In acknowledgement of the comment regarding adherence rates in patients who switched from DMF to DRF:

It is true that the average treatment duration on DMF was longer than the average treatment duration on DRF after switching. In the overall DMF-to-DRF switch subgroup (n = 433), we did conduct a sensitivity analysis evaluating adherence only in a subgroup of 326 patients with ≥ 6 months of DRF treatment: in this subgroup analysis (referred to as “sensitivity analysis 2” in our original article), there was a similarly high rate of adherence as observed in the primary analysis. Additional studies with longer follow-up will help to further characterize longer-term rates of adherence in DRF-treated patients.

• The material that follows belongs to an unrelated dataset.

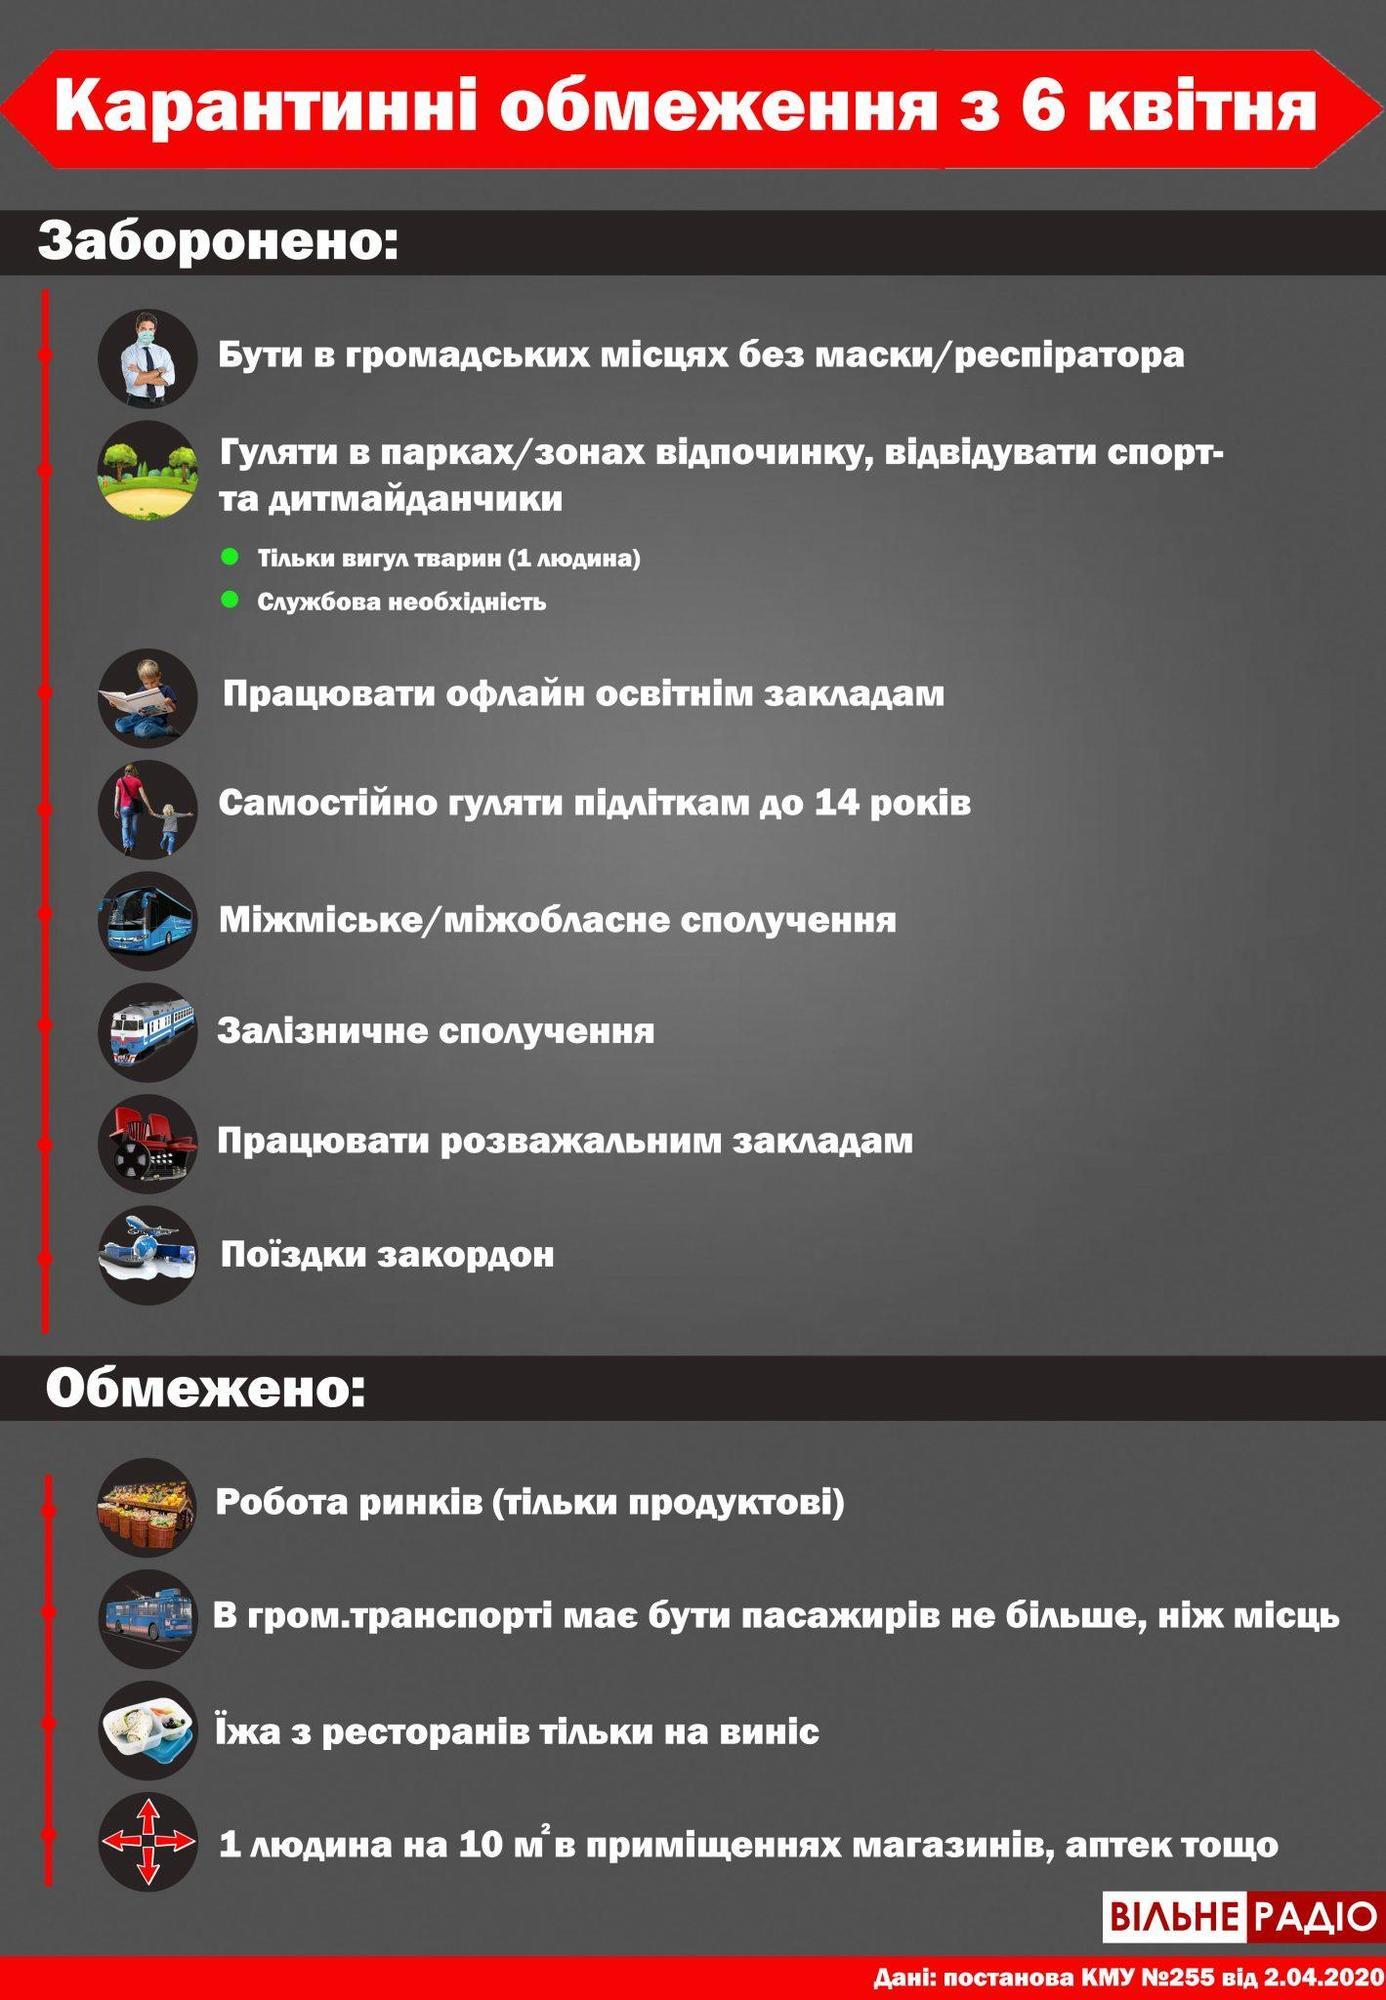 В Донецкой области умер пациент с диагнозом коронавирус

In acknowledgement of the comment stating that “including all adverse effects occurring in the first month as gastrointestinal adverse events is an important shortcoming. Flushing is another adverse effect leading to discontinuation in the early months and it could be relevant in persistence drops at this time. It does not seem appropriate to include non-gastrointestinal adverse effects to demonstrate the better gastrointestinal tolerability of one drug over another.”

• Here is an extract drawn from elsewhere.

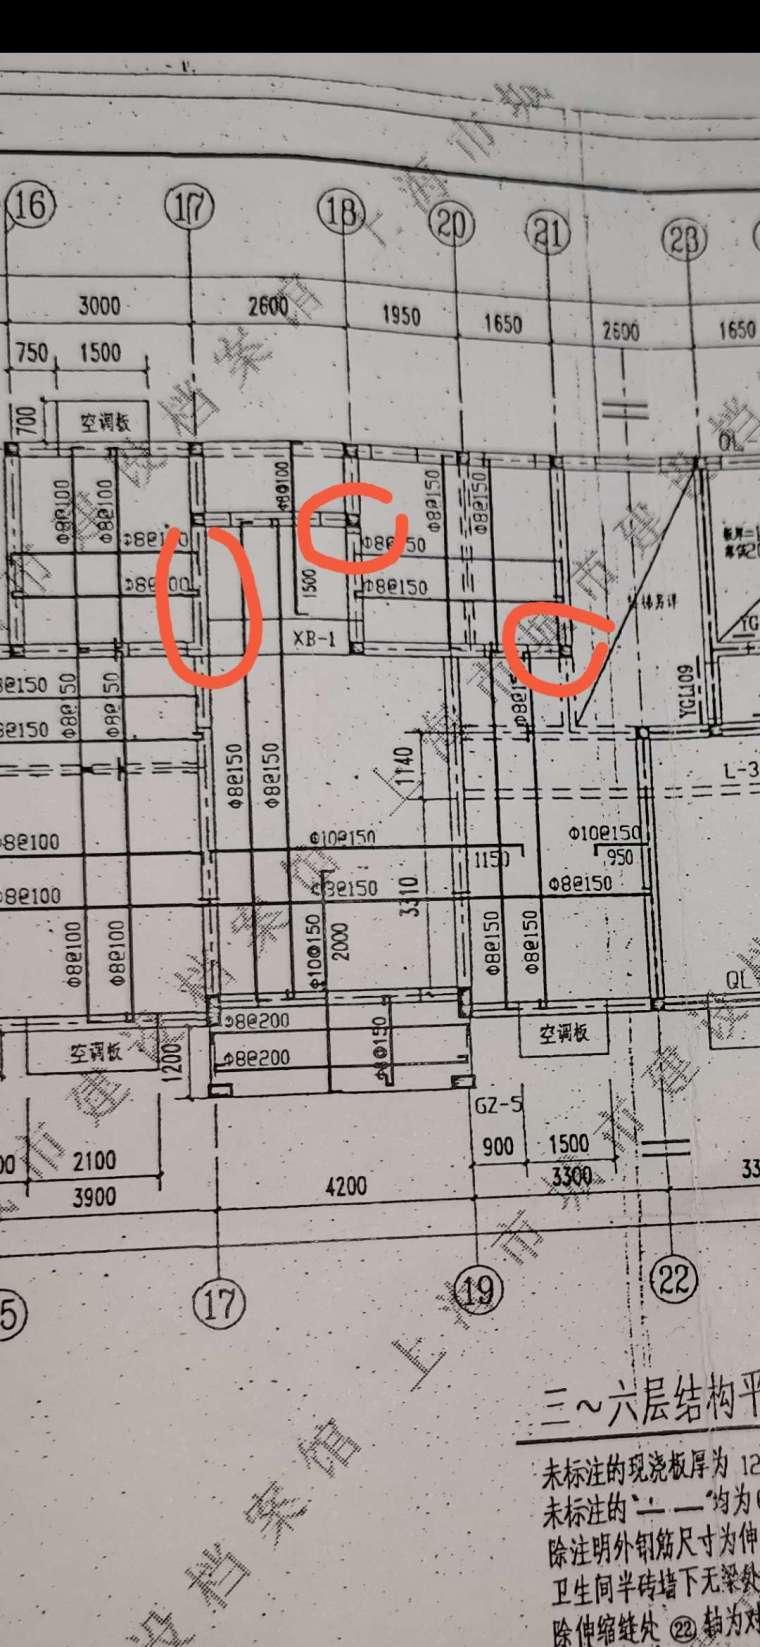 住宅结构图怎么看?

The overall persistence rate calculation did include patients who discontinued because of flushing or other AEs, in addition to GI-related AEs. Our article highlighted and emphasized GI-related discontinuation rates as a data point of special interest, but the overall persistence estimates and the overall discontinuation rates included patients who discontinued for other reasons, as well. In Table 3, we report the overall discontinuation rate for any reason was 12%. The footnote of Table 3 notes that 6% of patients discontinued because of an AE that was not GI related (69/1143). Regarding the definition used for GI-related AEs, GI-related AEs included those that were documented as being GI related, but also included any unknown AE (i.e., an AE lacking details regarding the nature of the event) that occurred within 90 days of initiating DRF therapy because this is when GI AEs are most common with fumarate treatments. We recognize that some of those “unknown AEs” were likely not GI related; however, this approach was used to avoid underestimation of the GI AE discontinuation rate. We erred on the side of overestimating the GI discontinuation rate rather than underestimating it. If we were to change this definition and only include AEs that were documented as being GI related, then the GI-related AE discontinuation rate with DRF would have been lower than what was reported in this analysis.

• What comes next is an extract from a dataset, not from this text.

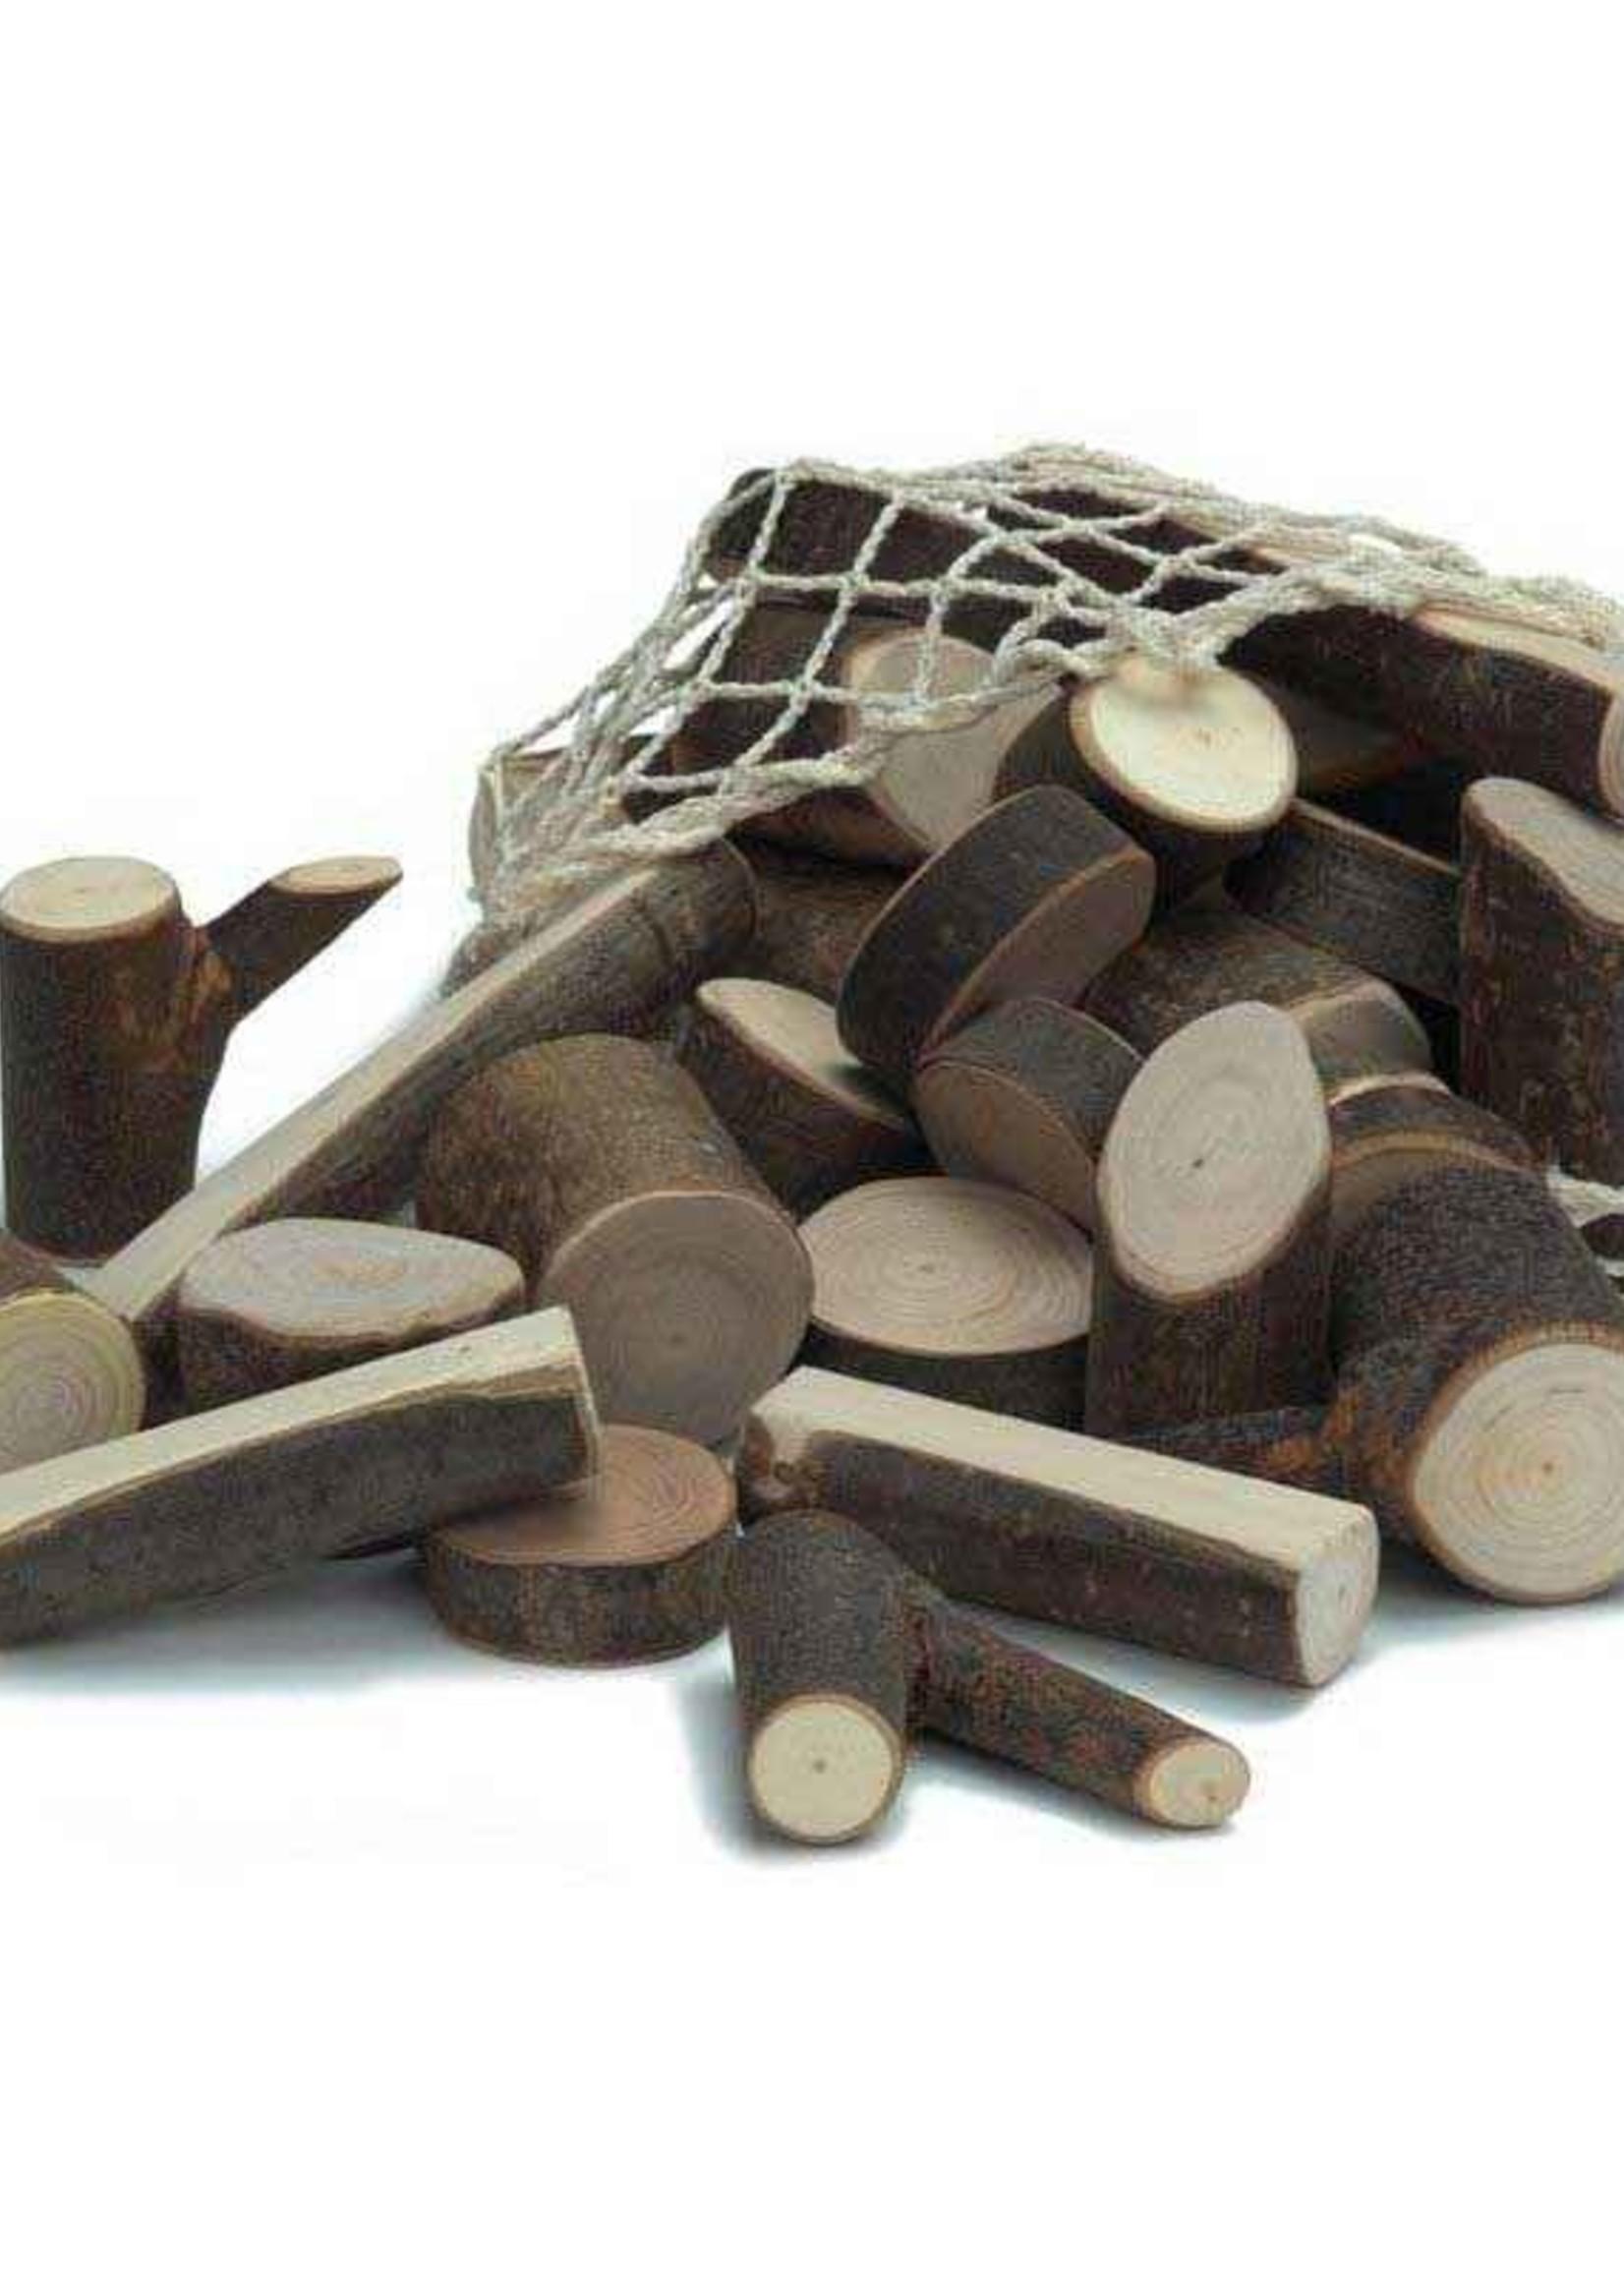 Mideer Branch Wood Blocks in Net   Code: 523398

In acknowledgement of the comment stating that “…establishing a presumed benefit of DRF over DMF requires better controlled clinical trials as well as real-world evidence studies that directly compare the alternatives for an adequate period”:

Regarding the design of the phase 3 DRF clinical trials, we have responded to those comments to the best of our ability; it is important to reiterate that, while we developed the study design of this DRF real-world study, we did not design the phase 3 DRF clinical trials. The authors of those phase 3 DRF clinical trial publications may be better suited to respond to the comments on their work. Regarding our real-world DRF study, this study was not designed to be a head-to-head comparison of DRF versus DMF for the reasons discussed in the publication and for the reasons previously described in this response letter. Our study sought to characterize the real-world experience with DRF, in both an overall population and a population of patients who switched from DMF to DRF as this is a common treatment switch that occurs in the real-world setting. Our results demonstrated high persistence and adherence with DRF as well as a low discontinuation rate due to GI AEs. Due to the lack of real-world data with DRF, this study aimed to address this data gap and provide data that could be informative to healthcare professionals.